R subset returns limited set with warning

1
votes

I have a data.frame with 12500 obs. of 8 variables, one of which is State (taxes$State). I want to subset the data down to multiple states that I get from user input in Shiny, but I kept getting dropped data when I added more than one state. I've got down to the subset function that is acting funky. I get no warning with just two states, but the third throws the exception. In every case, I'm limited to 250 obs. on the return. For example

temp<-subset(taxes, State==c("AL","MO",TX))

Warning message:1: In is.na(e1) | is.na(e2) : longer object length is not a multiple of shorter object length 2: In ==.default(State, c("AL", "MO", "TX")) : longer object length is not a multiple of shorter object length

I've tried other variables also with the same result

temp<-subset(taxes,StateFullName==c("Iowa","Missouri","Texas"))

Warning message: In StateFullName == c("Iowa", "Missouri", "Texas") : longer object length is not a multiple of shorter object length

Any ideas as to why I'm limited to 250 obs?

3
rsubset

3 Answers

4
votes

You just need %in% to compare a vector of length > 1 i.e.

subset(taxes, State %in% c('AL', 'MO', 'TX'))
#   State amount
#4     MO  14143
#27    TX  11517
#30    AL  14465

Or using data.table, we convert the 'data.frame' to 'data.table' (setDT(taxes), set the key column as 'State' and extract the rows that have 'MO', 'TX', 'AL' in the 'State'.

library(data.table)
setDT(taxes, key='State')[c('MO', 'TX', 'AL')]
#    State amount
#1:    MO  14143
#2:    TX  11517
#3:    AL  14465

To understand why your code didn't work, let's check the logical vector output.

with(taxes, State==c('AL', 'MO', 'TX'))
# [1] FALSE FALSE FALSE FALSE FALSE FALSE FALSE FALSE FALSE FALSE FALSE FALSE
# [13] FALSE FALSE FALSE FALSE FALSE FALSE FALSE FALSE FALSE FALSE FALSE FALSE
# [25] FALSE FALSE FALSE FALSE FALSE FALSE FALSE FALSE FALSE FALSE FALSE FALSE
# [37] FALSE FALSE FALSE FALSE FALSE FALSE FALSE FALSE FALSE FALSE FALSE FALSE
# [49] FALSE FALSE

Warning messages: 1: In is.na(e1) | is.na(e2) : longer object length is not a multiple of shorter object length

None of the elements were TRUE for this example. The way it compares is based on the recycling. The first 3 elements of 'State' is compared with the vector 'AL', 'MO', and 'TX' in that order

 taxes$State[1:3] == c('AL', 'MO', 'TX')
 #[1] FALSE FALSE FALSE

Here, we compare element-by-element between corresponding values of both the vectors and as

  taxes$State[1:3]
  #[1] AK AL AR

is not matching the 'AL', 'MO', and 'TX' at the corresponding positions, it returns 'FALSE'.
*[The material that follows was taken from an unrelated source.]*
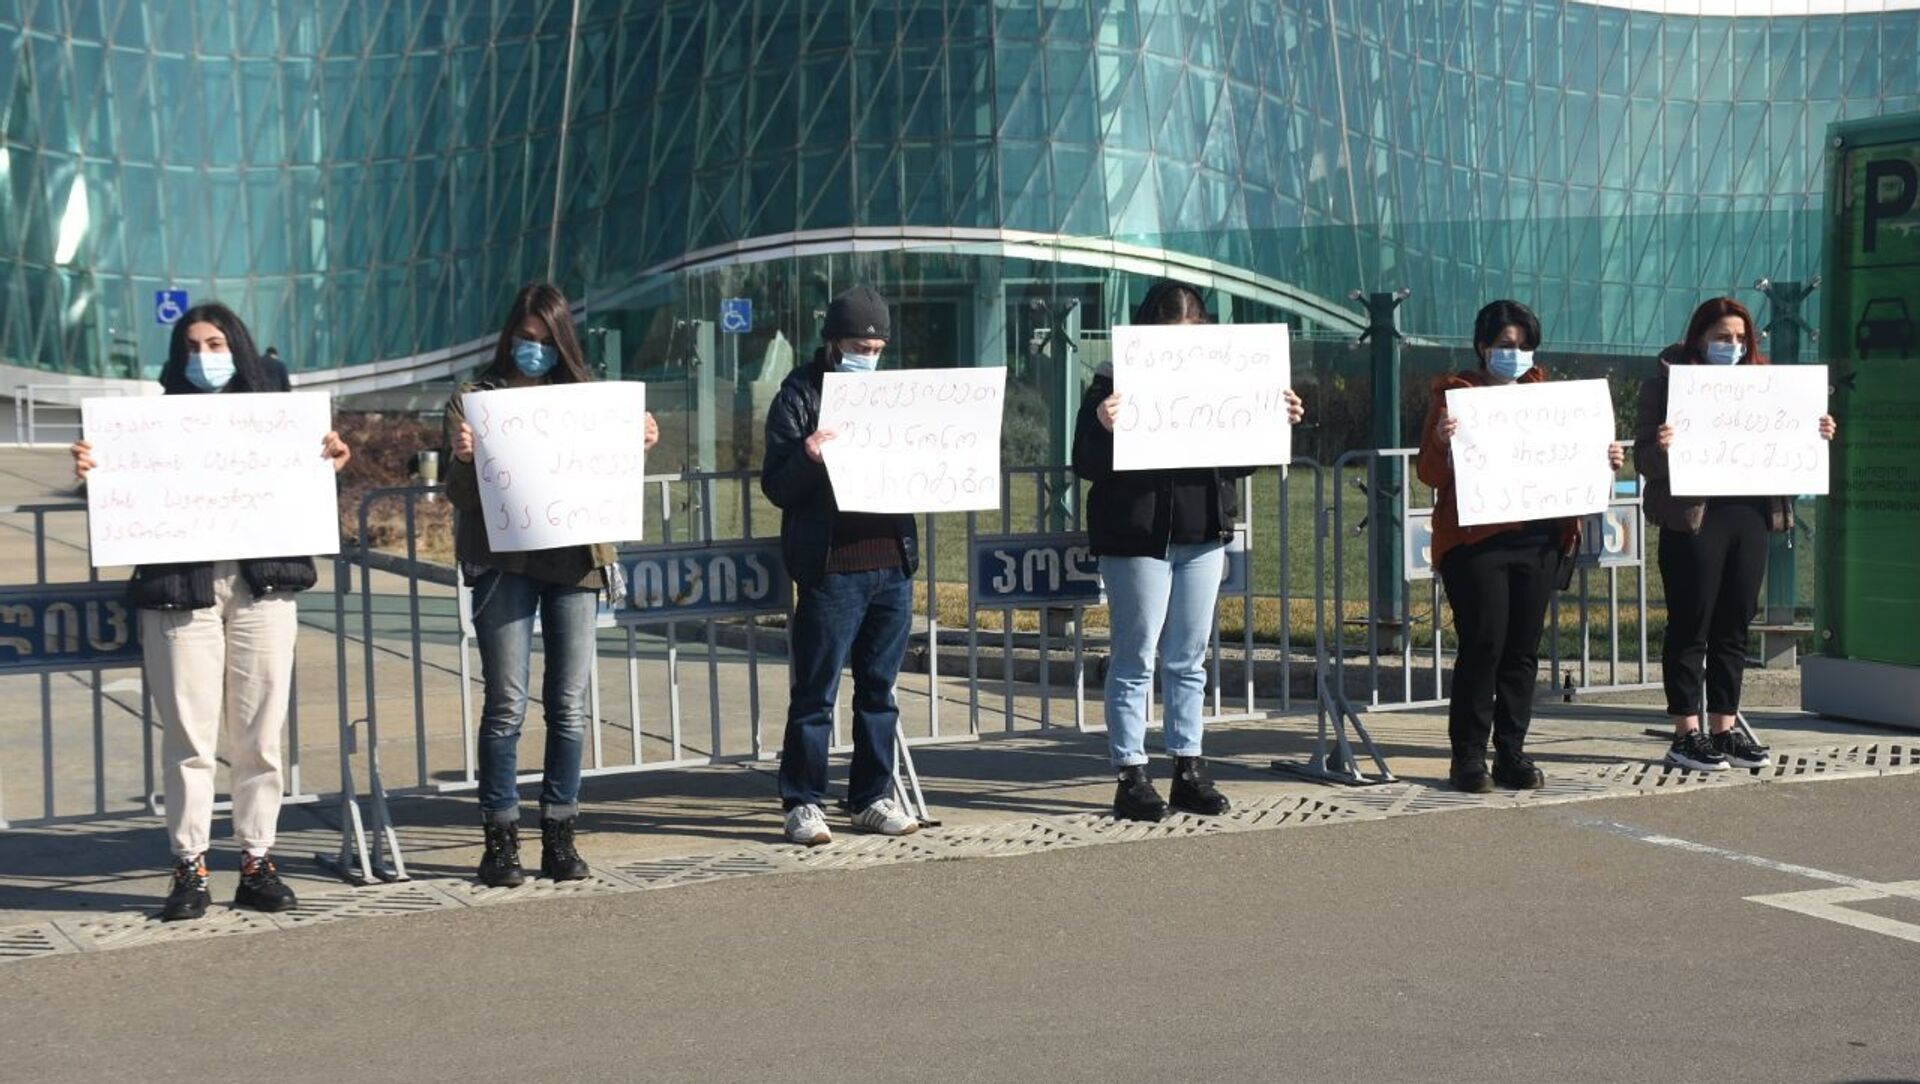 Представители движения Солидарность провели акцию протеста у МВД Грузии 10 февраля 2021 года - Sputnik Грузия, 1920, 10.02.2021

The same way, it is compared up to the length of 'State' column, i.e. the next comparison is

 taxes$State[4:6] == c('AL', 'MO', 'TX')
 #[1] FALSE FALSE FALSE

Here also all are FALSE as the corresponding 'State' elements were 'AZ', 'CA', and 'CO'. We get a warning at the end because 

 nrow(taxes)
 #[1] 50

50%%3!=0

If the nrow of the dataset is 51, the warning will not be there, but still as comparison is based on position, we may not the result as intended.

data

set.seed(24)
taxes <- data.frame(State=sample(state.abb), 
       amount=sample(400:20000, 50, replace=TRUE), stringsAsFactors=FALSE)
1
votes

The logical expression in the function is not according to what you want. It is looking for an observation that is equal to the vector c("AL","MO","TX"). As 12500 is a multiple of 2, subset tries subsetting considering both elements in the vector. As 12500 is not a multiple of 3, it can't use the same process when the vector has three elements, and throws the warning.

In short, an option to substitute the logical expression would be:

temp <- subset(taxes, State == "AL" | State == "MO" | State == "TX"))

This can be tested in this simple example:

df <- data.frame(x = c("A", "B", "A", "C", "D", "E", "A", "C"))
subset(df, x=="A" | x =="B" | x == "C")
0
votes

Yep. So what I didn't know or understand since I've never used a vector for subset was that subset sees c(a,b,c) as a sequence not a list for individual matches. Thanks all for the help!